PROBLEM TO SOLVE: Once the pictures are set aside, transcribe each line of the data exactly.

INPUT DATA:
- - -

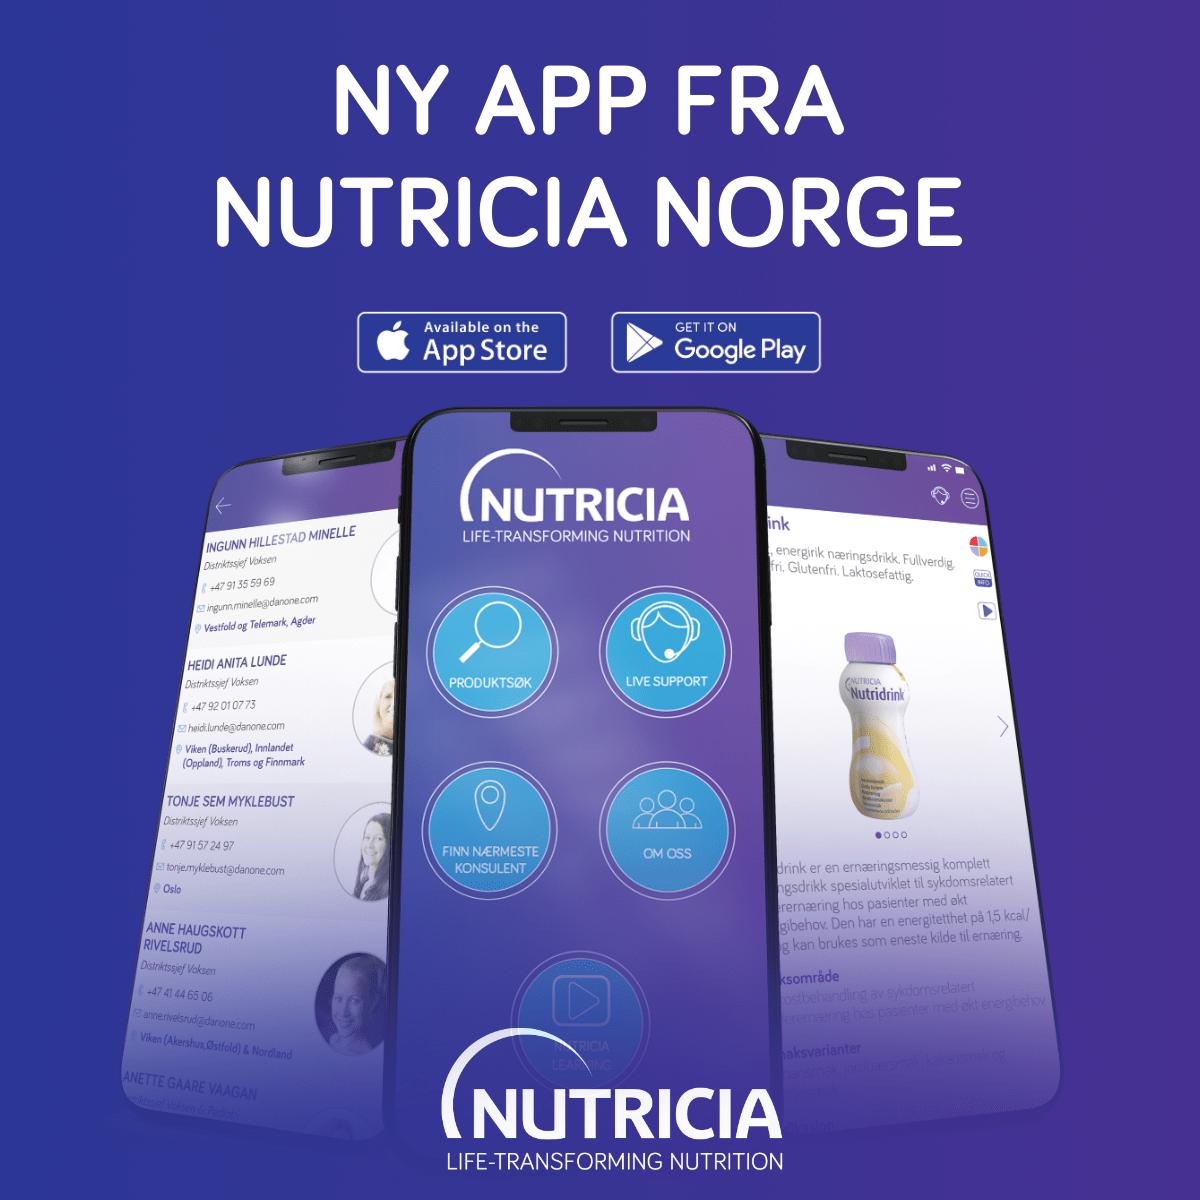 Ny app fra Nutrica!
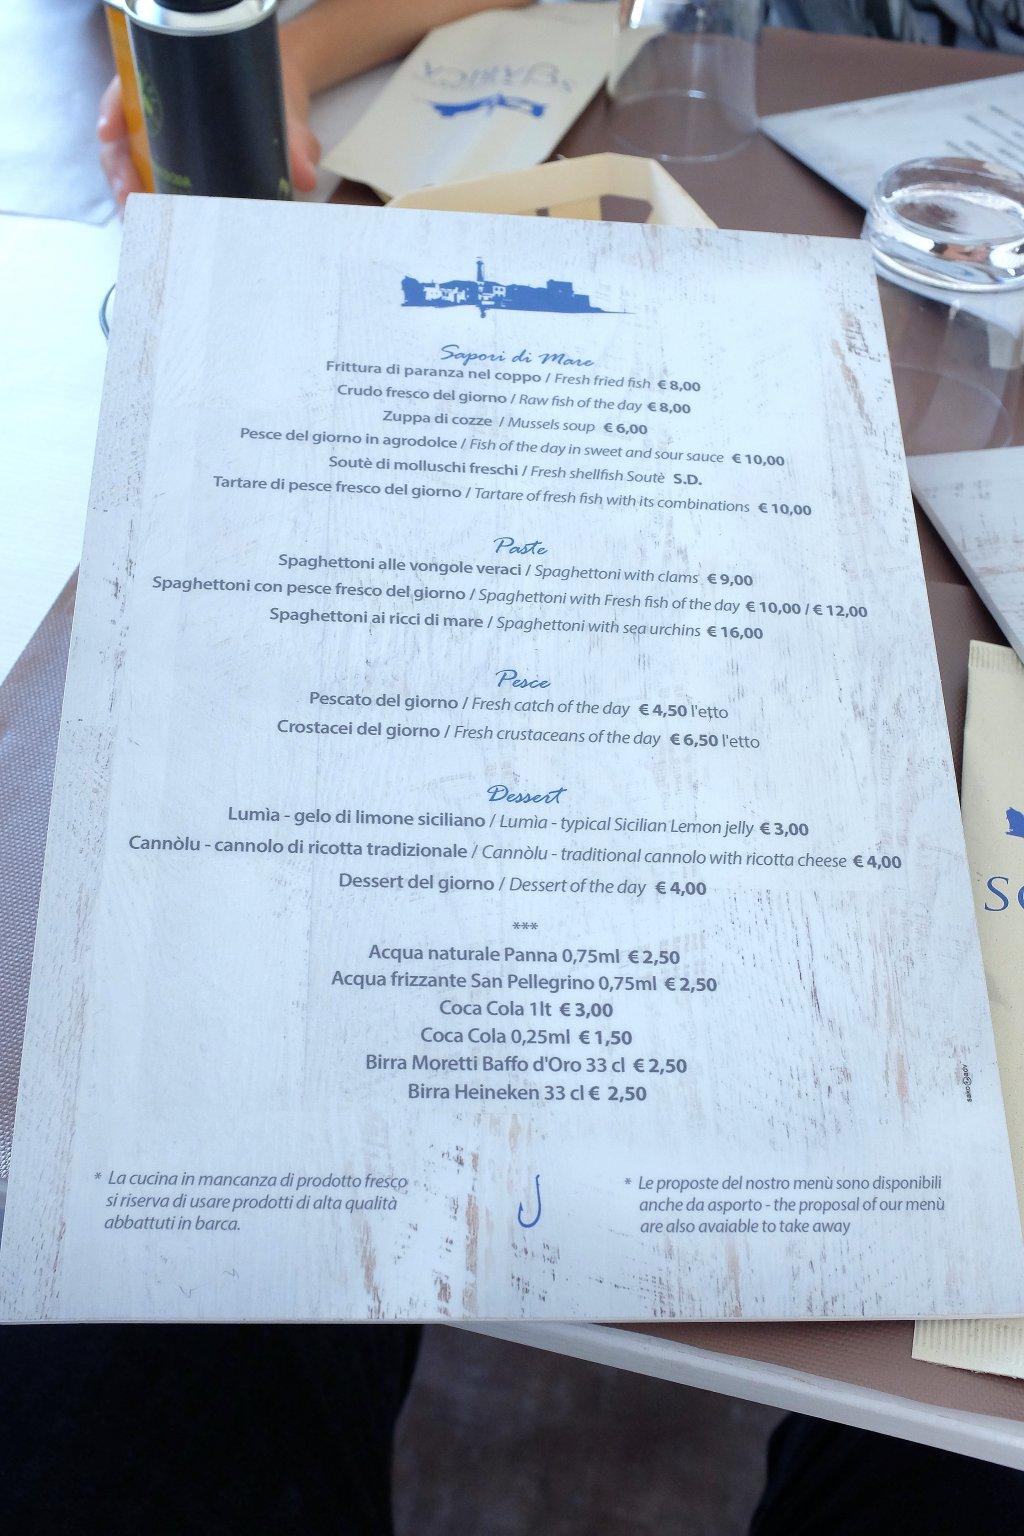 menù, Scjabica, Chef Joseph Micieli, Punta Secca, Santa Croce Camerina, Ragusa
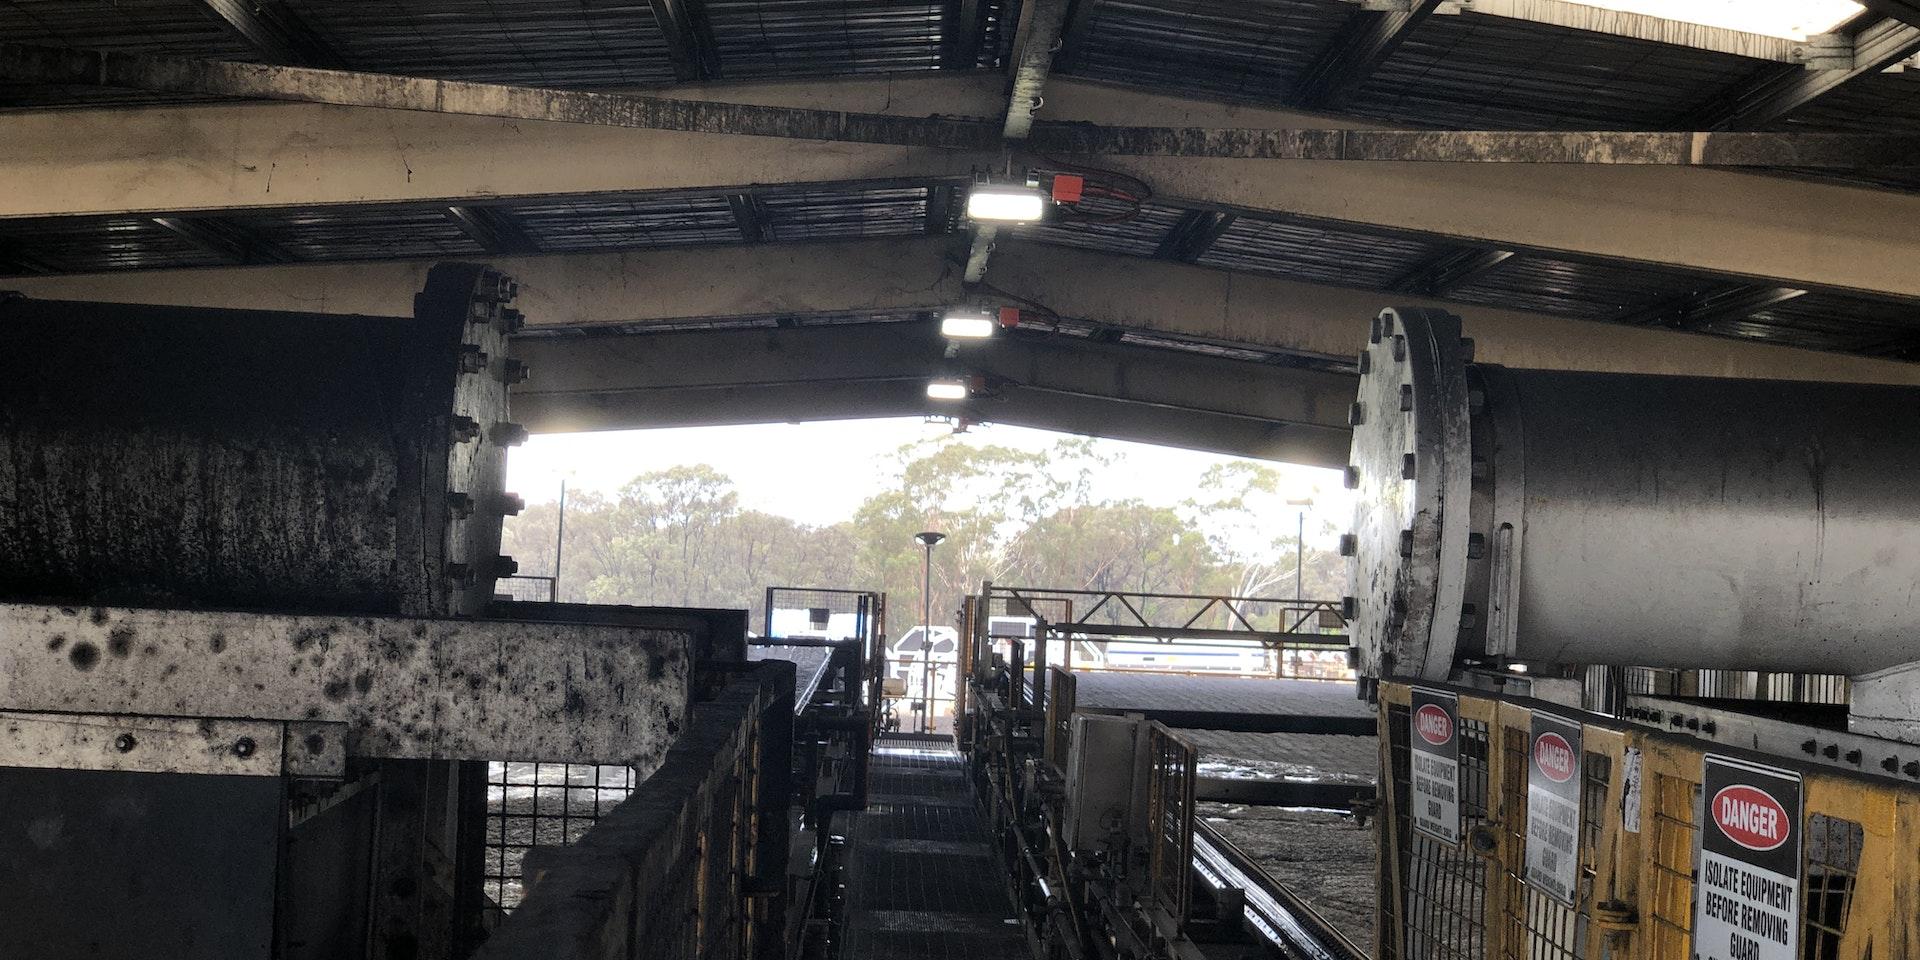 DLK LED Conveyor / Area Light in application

- - -

RESULT BELOW:
 Ny app fra Nutrica!
 menù, Scjabica, Chef Joseph Micieli, Punta Secca, Santa Croce Camerina, Ragusa
 DLK LED Conveyor / Area Light in application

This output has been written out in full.